Outside NAACP convention, pastor calls abortion racist genocide

The Rev. Clenard Childress with a Confederate flag poster, taunting the NAACP on its abortion-rights position. (STU BYKOFSKY/DAILY NEWS STAFF)

BLACK PEOPLE using the Confederate battle flag to promote their cause - a smart attention-grabber, or out of bounds?

On a large poster outside the Pennsylvania Convention Center from Monday through Wednesday, smack in the face of 3,000 people attending the 106th Annual NAACP Convention, was the rebel flag, the same one recently hauled down by South Carolina.

Given what was going on inside, the poster shrieked.

The flag was the left panel of two condemning abortion. The right panel depicted a 10-week-old aborted fetus.

Under the flag were the words: "Evil done to us?" The words under the fetus were: "Evil done by us?" The imagery was powerful.

There were posters on two other corners, all brought there to be in the grill of the NAACP by the Rev. Clenard Childress, the black pastor of the New Calvary Baptist Church in Montclair, N.J.

The flag was kind of a stunner, so I stopped to ask Childress about it. He smiled and said, "That's the new one.

"This connects the dots," he said, "better than the others," which are grisly photographs of aborted babies, or fetuses. Whether you use "baby" or "fetus" is a dye marker about where you stand on abortion.

Several of his supporters quietly handed out literature and civilly engaged the few people who stopped to talk. Most people entering the center paid no notice; a few got hot under the collar.

I'm not here to wave you off abortion. I have reservations about it, but it's legal. If it weren't, it would happen anyway, but not as much. The rich would continue to have safe abortions, as they always have.

The soft-spoken Rev.

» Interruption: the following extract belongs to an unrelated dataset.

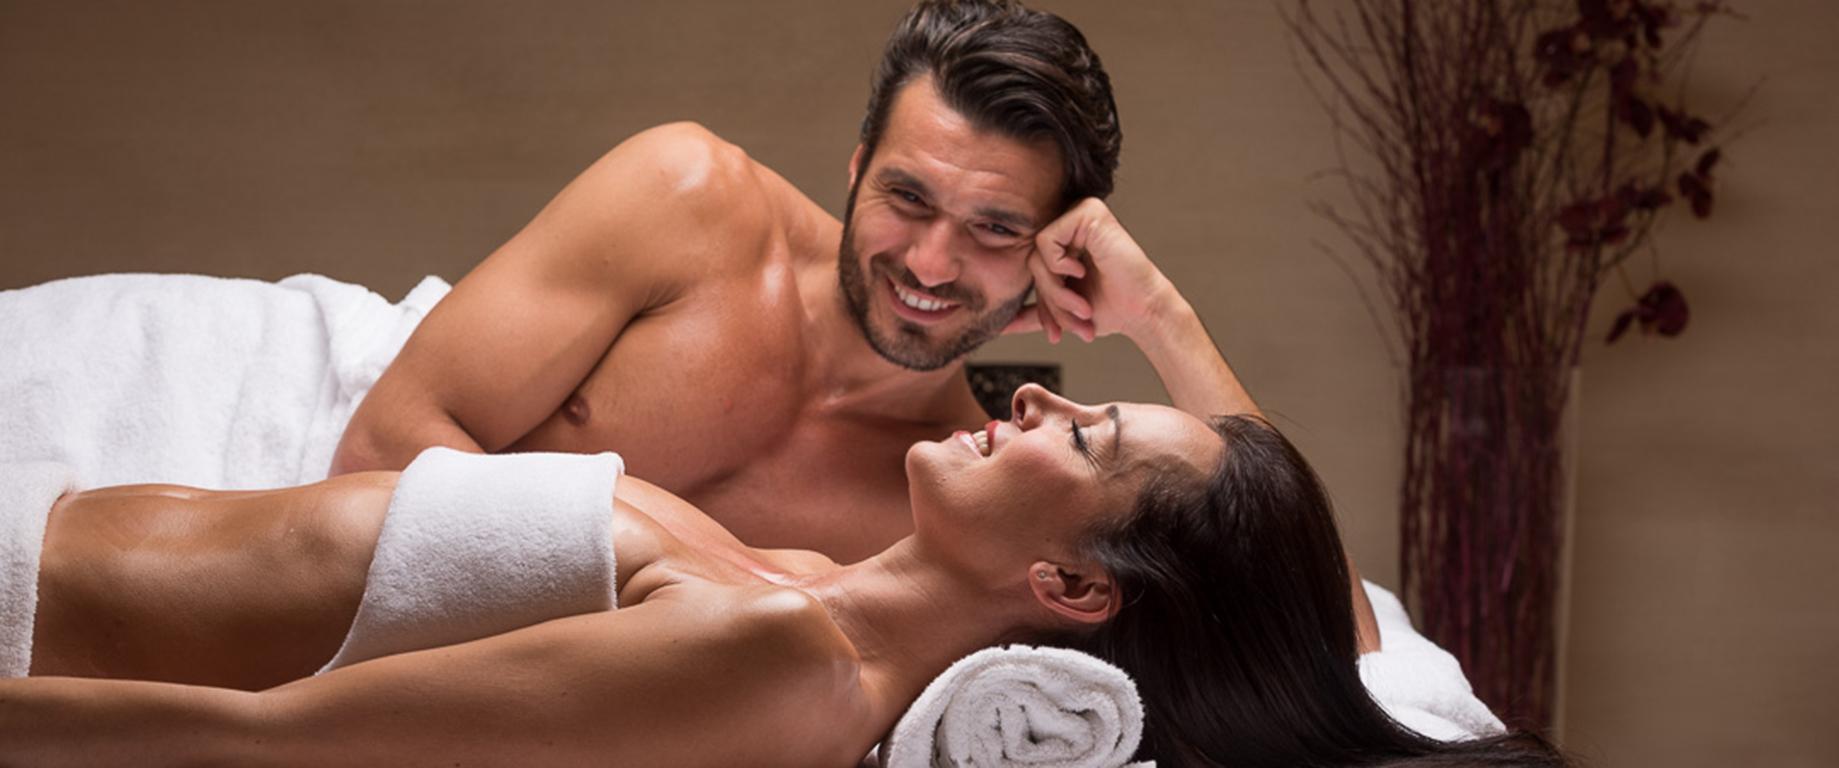 centro-benessere-veronaofferte-wellness-veronaofferta-wellness-di-coppia-a-verona261_1

Childress said he's willing to dispense with the God argument in favor of a better one: "genocide."

He produced information showing that since 1973, when abortion became legal in the U.S., 13 million African-American women aborted their fetuses.

The abortion rate among African-American women is five times higher than among white women. In 2012, more black babies in New York City were aborted than carried to term, 31,328 to 24,758.

Do those black lives matter to the NAACP? Childress wanted to know. He wants the civil-rights group to oppose abortion and end what he called "genocide."

That would mean the NAACP reversing its 2004 pro-choice decision, which is unlikely.

Childress, a conservative, said he is "appalled by NAACP silence" on what he calls a "pernicious attack" on African-Americans.

I asked him the meaning of his black-and-white T-shirt that said, "Stop Funding Racism."

"Barack Obama and his administration is funding Planned Parenthood" to the tune of $545 million a year, he said. That's "very hypocritical" when so many black babies are aborted, he said.

Southeastern Pennsylvania Planned Parenthood President Dayle Steinberg told me that most of the federal money, through Medicaid, is used for a variety of services and is prohibited from being used for abortion except in cases of rape, incest or danger to the health of the mother.

The NAACP didn't respond to me before deadline.

"Democrats are perceived as facilitators of the civil-rights movement," and are generally pro-choice, but many NAACP members "who agree with us won't denounce the party" because their "political allegiance" outweighs everything else, Childress said.

That's why he chose the hated symbol to taunt the NAACP, and he has no regrets.